Então temos mais um famoso jogador de futebol aparecendo nas manchetes não por algo que aconteceu dentro dos gramados, mas pelas noitadas afora. Claro que não vamos nos juntar aos milhões que estão dando suas opiniões sobre quem é culpado ou inocente, mas o tema é interessante e, não, isso não acontece apenas a celebridades: só não tem a mesma repercussão na mídia, mas tem um monte de machos alfa se enrolando por aí.
É que estamos passando por duas grandes modificações paralelas, intensas e profundas, seja no que se considera comportamento culturalmente adequado, seja nas relações culturais de poder entre homens e mulheres. Desde os primórdios da Humanidade, a mudança permanente é a marca desses dois elementos. Não é tanto a instabilidade que surpreende, mas a velocidade e o fato de que a sociedade, pelo mundo todo, estar implementando isso pela via do Direito Penal.
Certas condutas que poucos anos atrás eram o padrão não apenas deixaram de ser aceitas, mas se tornaram crimes. E isso de dizer que não são mais apropriadas é muito relativo, porque não apenas continuam muito frequentes por parte dos homens, mas também permanecem endossadas por um número significativo de mulheres.
Alterações nos códigos de conduta geralmente demandam três ou mais gerações, pois quem viu algo ser praticado quando era criança tende a repeti-lo na idade adulta, que é a fase de vida mais longa. Só depois desse processo é que a insistência em certas práticas costuma ser criminalizada. Não é o caso. Aquilo que era o cotidiano dos adultos maduros ainda está no mindset de adultos jovens e em germe nos adolescentes simplesmente virou um crime hediondo.
Se olharmos para as estatísticas de estupro, vai parecer que essa modalidade de violência explodiu quando podemos nos arriscar a dizer que ela até diminuiu.

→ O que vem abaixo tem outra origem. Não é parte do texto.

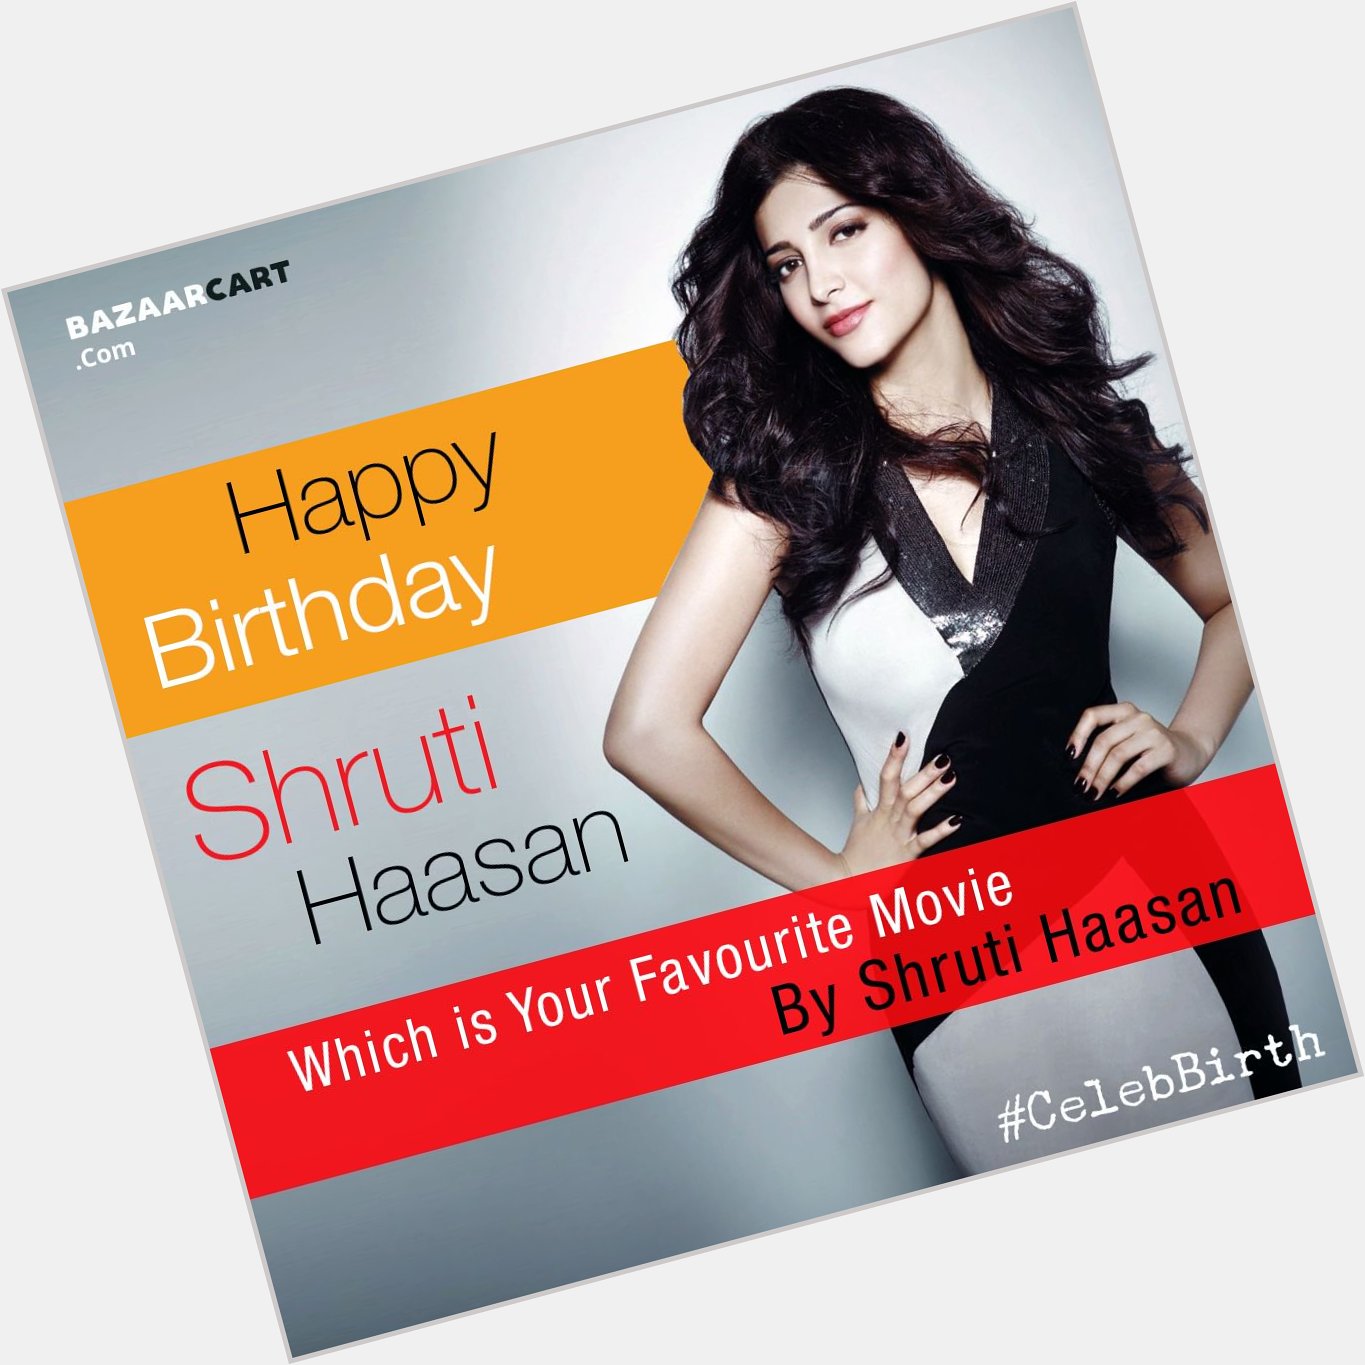 Happy Birthday Shruti Haasan
Name Your Favourite Movie by Shruti Haasan ?

O que foi extremamente ampliado foi o próprio conceito de estupro, ao passo que nem se falava em assédio sexual duas décadas atrás. Além disso, a disposição para denunciar aumentou muito e as brumas em torno do tema estão se desvanecendo.
Alguém pode sustentar que há acusações abusivas e até fraudulentas, mas essa discussão cabe aos advogados de cada acusado. Também podemos questionar se é correto forçar mudanças culturais empregando o Direito Penal, mas esse é um processo civilizatório que está ocorrendo em todo o Ocidente.
É muito difícil, está claro, deixar de proceder de um certo modo para quem viveu um período no qual ele era perfeitamente normal – não apenas tolerado como exceção, mas realmente o padrão médio. O certo e o errado, os limites do permitido, do proibido e do crime são bastante confusos e inclusive os julgadores estão tateando, pois eles também estão sendo surpreendidos pela velocidade e pela intensidade da troca de critérios.
Em resumo, não pense que isso acontece apenas com as famosidades. Amanhã pode ser qualquer um de nós enfrentando os tribunais sem achar que fez nada de anormal. E não tem manual de instruções. As fronteiras entre o crime e o comportamento sexual aceito estão próximas demais, fluidas demais. Em tempo de murici, cada um cuida de si.